Sponsorship Machine

Raid: Shadow Legends — The Most Sponsored Game in Internet History

Raid's ads aren't fake in the traditional sense — the game looks like what they show. The lie is in the delivery: an unprecedented influencer sponsorship machine that made 'Raid Shadow Legends' a punchline before most people ever played it.

Lie Score4/102026-04-16

The ad

You've heard this script. You've heard it from your favorite YouTuber, your favorite streamer, your favorite podcaster:

"Before we get into today's video, I want to talk about today's sponsor: Raid: Shadow Legends. Raid is a free-to-play mobile RPG with over 800 champions to collect, stunning graphics, and deep strategic gameplay..."

The ad reads are so ubiquitous, so formulaic, and so relentless that "Raid Shadow Legends" has become internet shorthand for "sponsored content." Plarium, the Israeli studio behind Raid, reportedly spent over $100 million on influencer marketing alone between 2019 and 2023.

What the real game is

Here's the unusual part: Raid is roughly what the ads say it is. It is indeed a mobile RPG. It does have hundreds of champions. The graphics are genuinely polished for a mobile gacha game. The strategic layer exists.
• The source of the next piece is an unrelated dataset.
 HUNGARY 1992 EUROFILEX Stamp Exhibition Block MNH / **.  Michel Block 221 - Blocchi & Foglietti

The catch — and why Raid still earns a spot in this archive — is everything the ads don't say:

  • It's a gacha game. Champion acquisition is driven by randomized loot pulls with real-money pricing
  • It's an auto-battler. Most combat plays itself — you set up a team and watch them fight
  • It's a time-gated grind. Progression without spending money slows to a crawl after the first week
  • The "deep strategy" is largely about which champions to invest resources into, not tactical combat decisions

The influencer scripts carefully frame Raid as an action RPG you actively play. In practice, it's closer to a collection management simulator with an auto-play button.

The sponsorship singularity

Raid's advertising strategy represents something new in the fake-ad landscape. Instead of running misleading creative assets (like Playrix or Evony), Plarium outsourced the deception to trusted voices. When your favorite creator reads a script praising Raid, the implicit endorsement carries more weight than any banner ad.
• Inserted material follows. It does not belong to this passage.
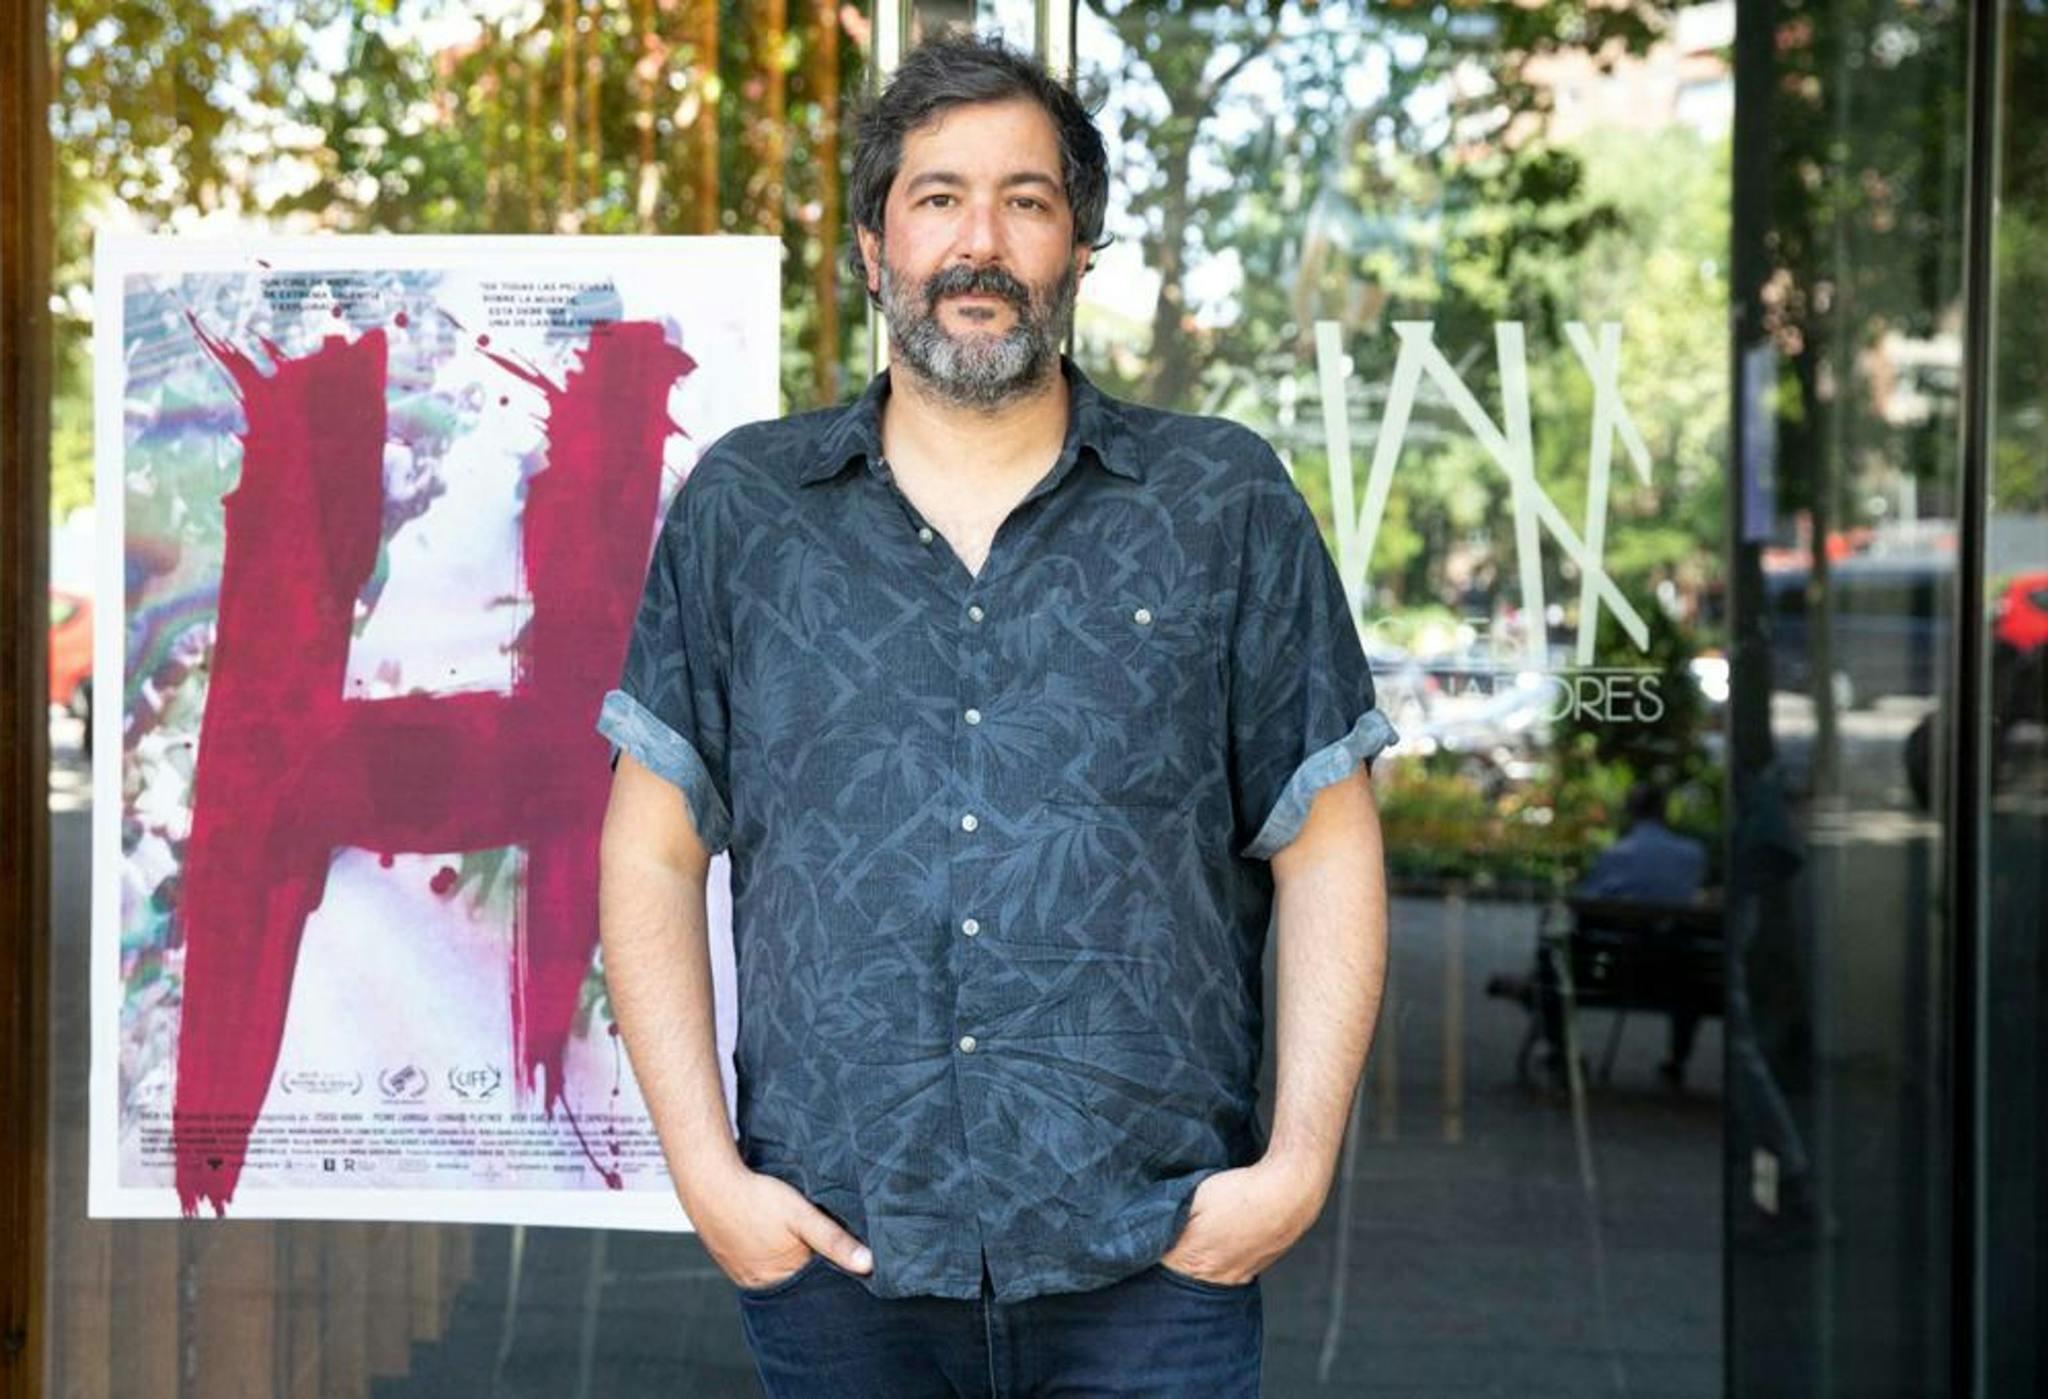 Carlos Pardo Ros ha dedicado su vida cinematográfica al trabajo colectivo

The volume was staggering:

  • Estimates suggest Plarium sponsored over 10,000 individual YouTube videos
  • The sponsorship segments became so recognizable they spawned parody compilations and drinking games
  • "This video is sponsored by Raid: Shadow Legends" became a meme template rivaling "That's how mafia works"

Our Lie Score: 4/10

This is one of the lowest scores in our archive, and deliberately so. Raid's ads are not mechanically dishonest — the game does look and play roughly as described. What's deceptive is the framing: the implication that this is a premium RPG experience when it's a free-to-play gacha game with aggressive monetization. The lies are in the omissions, not the claims.

Why it's in the archive

Raid earns its place not for the magnitude of its deception but for the scale of its delivery system. Plarium proved that you don't need to show fake gameplay if you can pay enough people to describe real gameplay in misleading ways. It's a different species of fake ad — one that exploits trust instead of visuals.